My gripes with Vivaldi: still a Chromium-based browser (like the new Opera),
and still no e-mail client.

Compare this to previous iterations of Opera (pre-12), which featured a
custom, fast rendering engine, and built-in features ranging from mail client,
IRC client, and torrent client to a _web server_ and a _file-sharing_
platform![1]

Sadly, Vivaldi is still a shadow of what Opera used to be. I'm still hopeful,
but they simply don't have an attractive product yet.

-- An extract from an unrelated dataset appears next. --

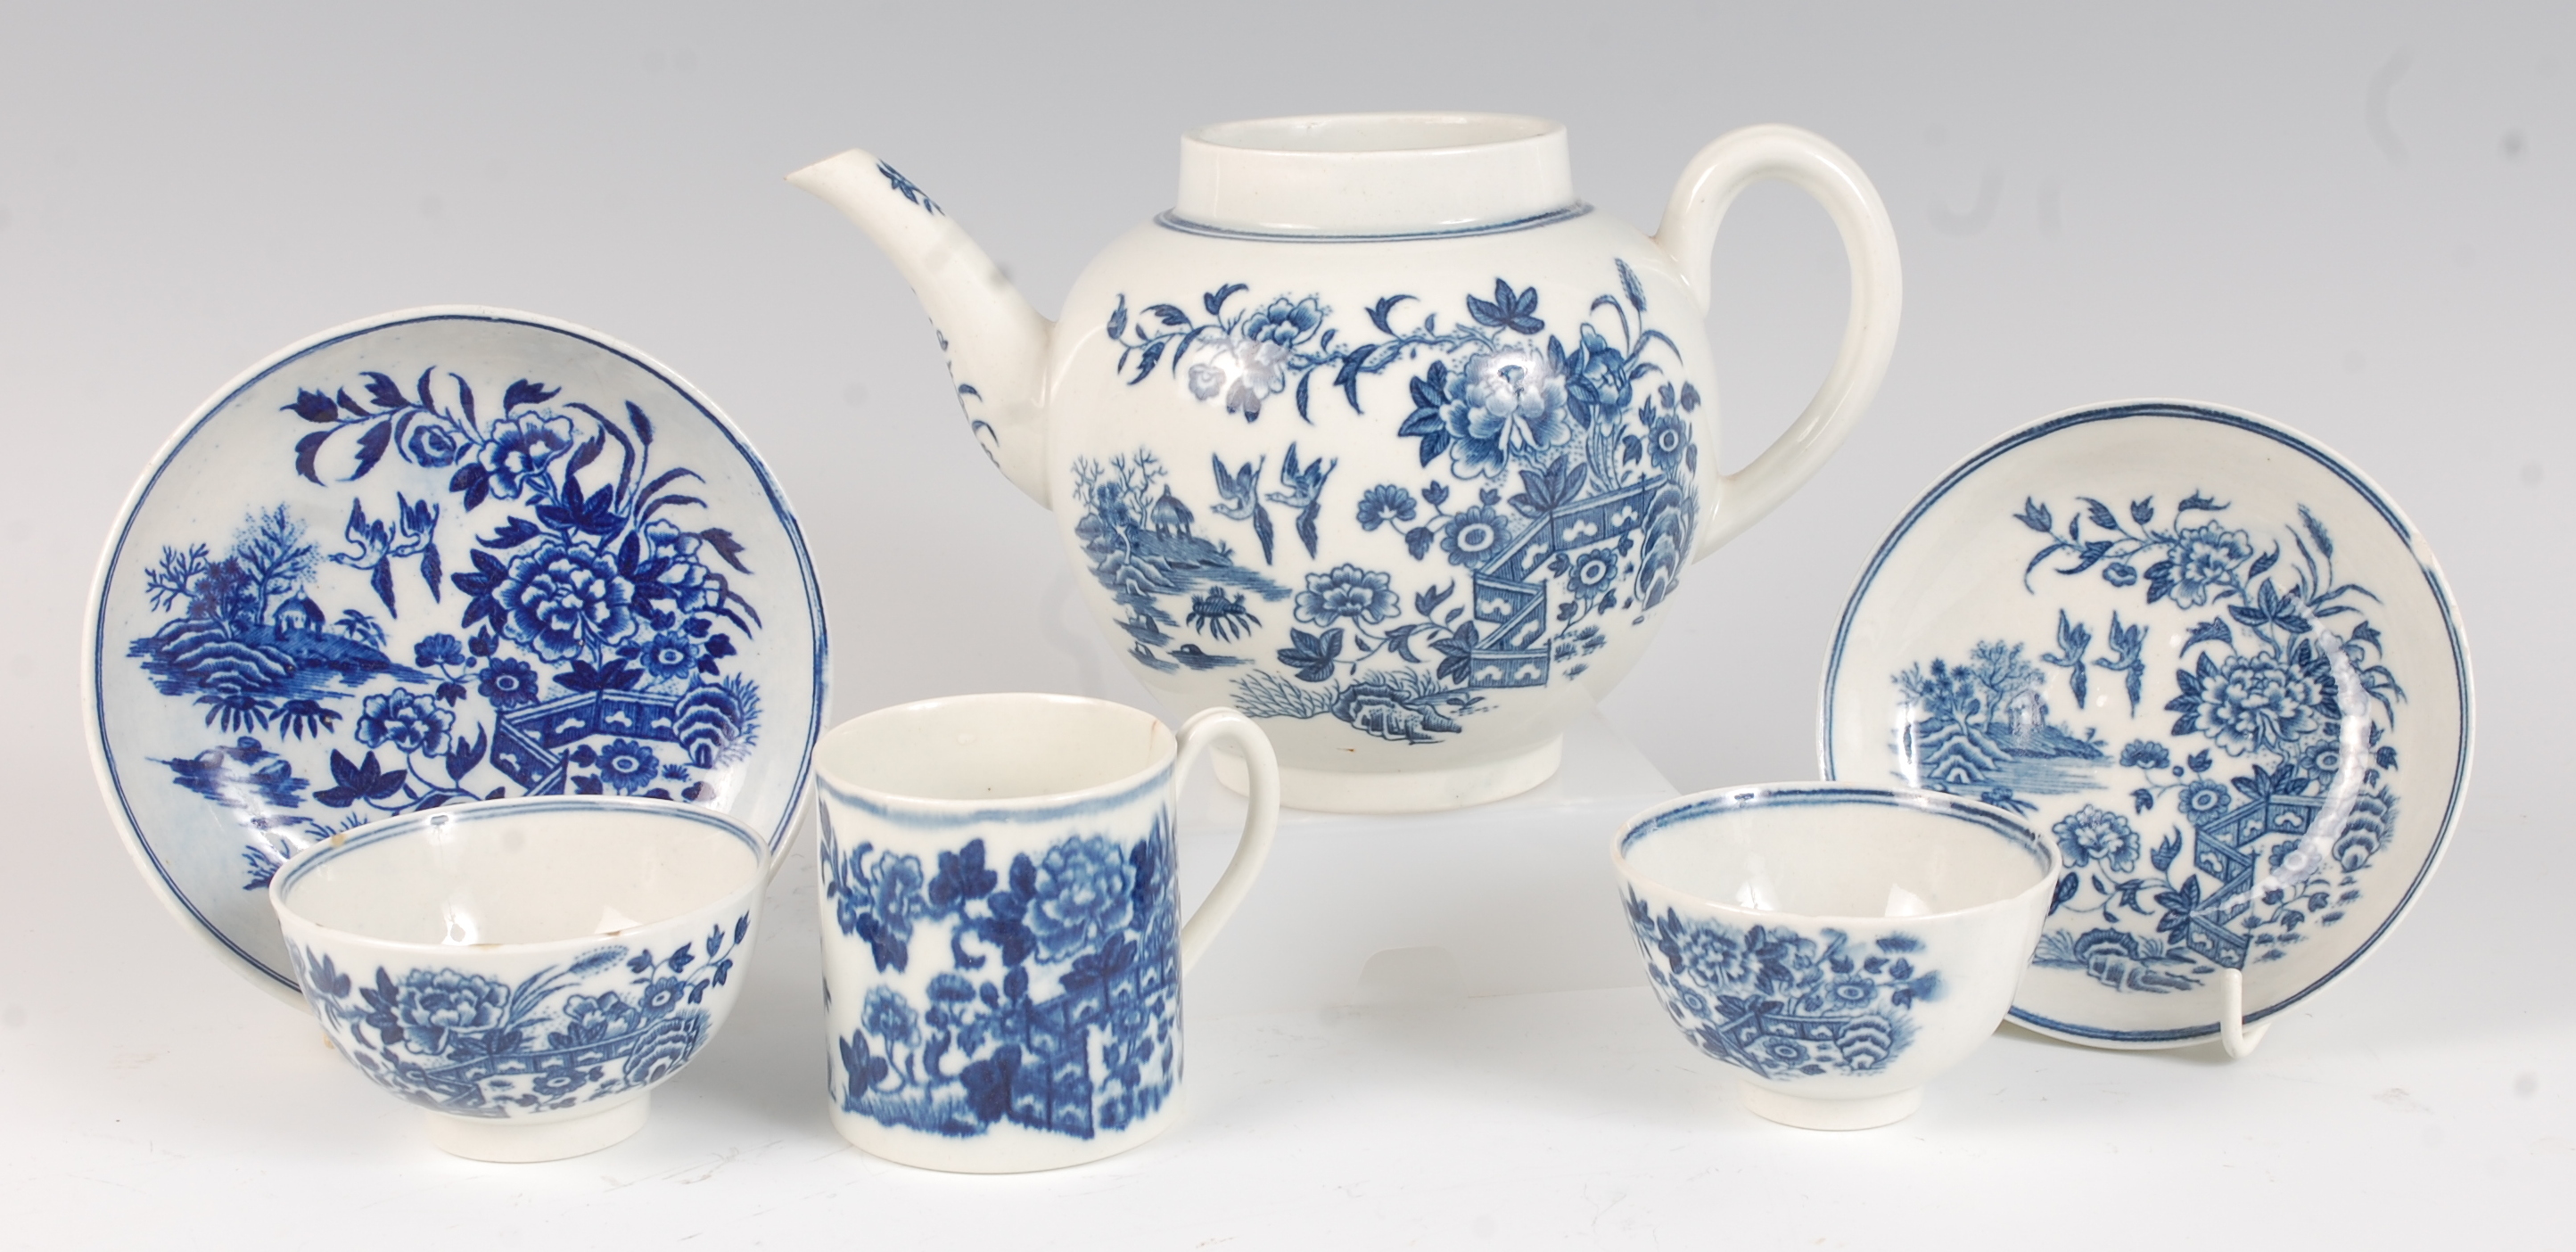 A Worcester porcelain bullet shaped teapot, underglaze blue decorated in the Fence pattern (

I'll think again when
the mail client is there, it was a killer feature.

I've switched to FF Quantum, and not switching to anything else any time soon.
For me, the killer feature is the new fast engine -- and the reader view,
which is the only way I can tolerate about half the websites out there.

With reader view and integrations such as Pocket and full-page screenshot
directly from the UI, Firefox seems to be the only browser innovating on UX-
out-of-the-box these days. (Edge had introduced some neat things, and I tried
it for a while, but it just falls short for me).

Meanwhile, Chrome is turning into an interesting OS that just needs a good web
browser.

[1][https://www.howtogeek.com/howto/3468/turn-your-computer-
into...](https://www.howtogeek.com/howto/3468/turn-your-computer-into-a-file-
music-and-web-server-with-opera-unite/)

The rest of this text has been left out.